Genetic modification, cloning and other new technologies in the food industry should no longer be rejected a priori or on ethical grounds, a major international study concluded on Monday.

Policy options should not simply be ruled out as the global food system consumes the world's natural resources at an “unsustainable rate” failing the world's poorest, said the study ‘The Future of Food and Farming', headed by the British government's chief scientific adviser Sir John Beddington, drawing on the research of over 400 experts from 35 countries across the world.

The report provides a stark assessment of the sustainability of the global food system as it exists today and its ability to cater to the changing world. These include a rise in the global population from around 7 billion currently to 9 billion by 2050, demands for a more varied high quality diet from new markets, increasing competition for land and water and of course climate change.

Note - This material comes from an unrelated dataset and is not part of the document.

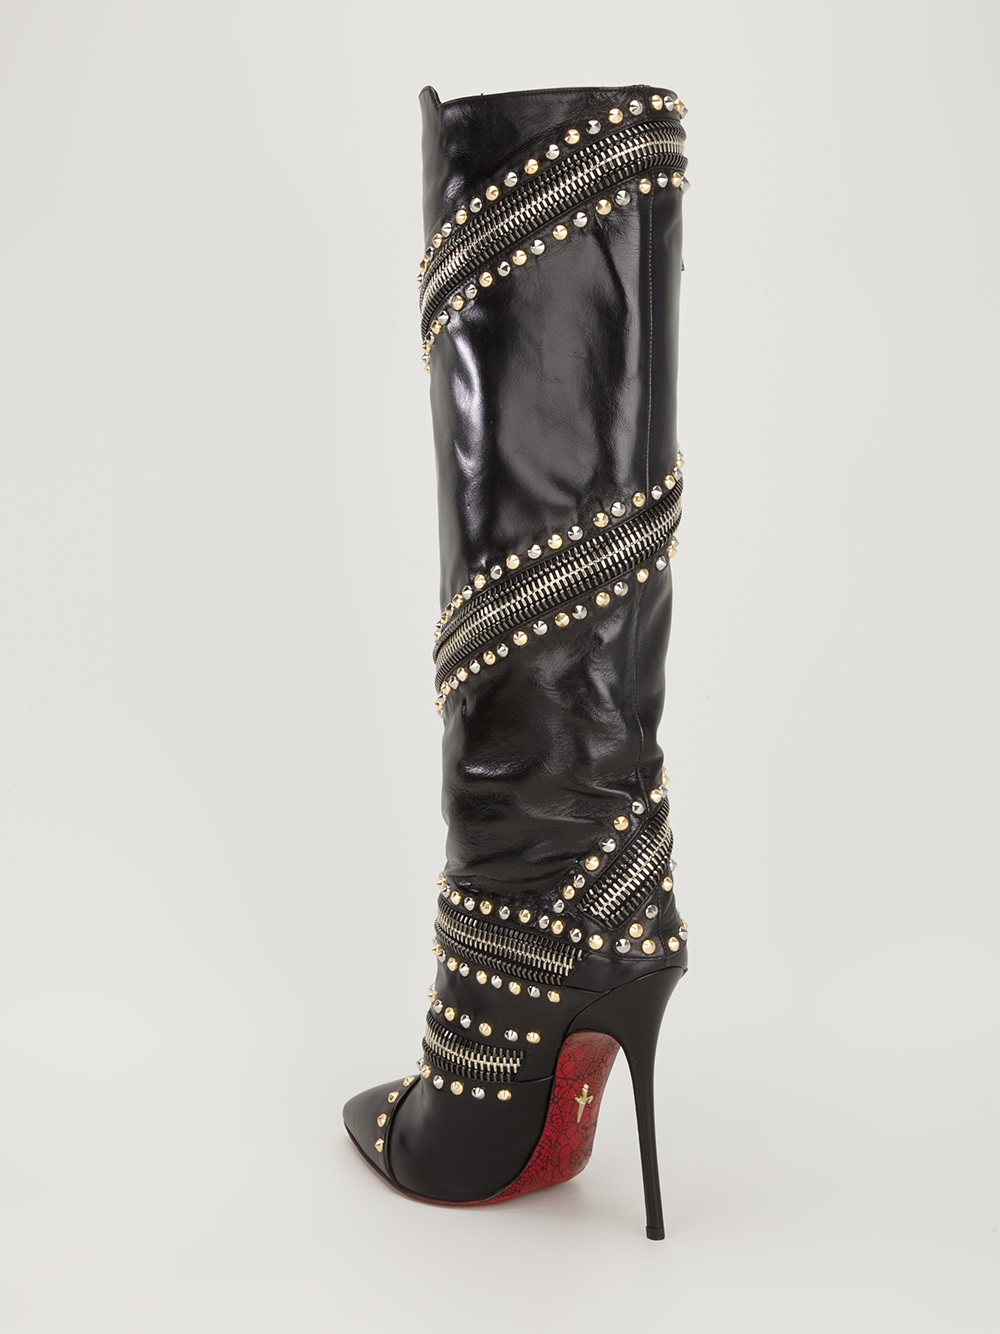 Cesare Paciotti Knee High Studded Boot in Black - Lyst

“Together they constitute a major threat...that requires a strategic reappraisal of how the world is fed,” says the report.

The report comes amid growing concern for the rising cost of food across the globe. Food prices hit a record high in December, rising 4 per cent from the month before, said the UN Food and Agricultural Organisation food earlier this month. Sugar and oil were the biggest drivers of the rise.

“The case for urgent action in the global food system is now compelling,” said Sir John.

Among the solutions, further investment into modern technologies is key, as well as a new approach to appraising them. Rather than merely relying on precautionary principles, analysis should include the potential costs of not using certain technologies.

Food wastage

The report also calls for a change in policy-making, which it says has tended to view food policy in isolation from others such as energy, water supply and land use. Containing demand for the most resource-intensive types of food should be a priority, the report concludes. Another major area identified by the report is reducing the wastage of food.

As much as 30 per cent of food grown worldwide is lost or wasted before reaching the consumer – a figure that could be substantially reduced if there is high-level international political support, concludes the report. “Halving the total amount of food waste by 2050 is considered to be a realistic target.”

Subsidy and effects

The report is critical of food production subsidies in high income countries warning that they are “harmful to global food security.”

“The current trend to reduce them should be accelerated to encourage the self sustaining improvements in productivity which are necessary to meet future increase in demand sustainability.”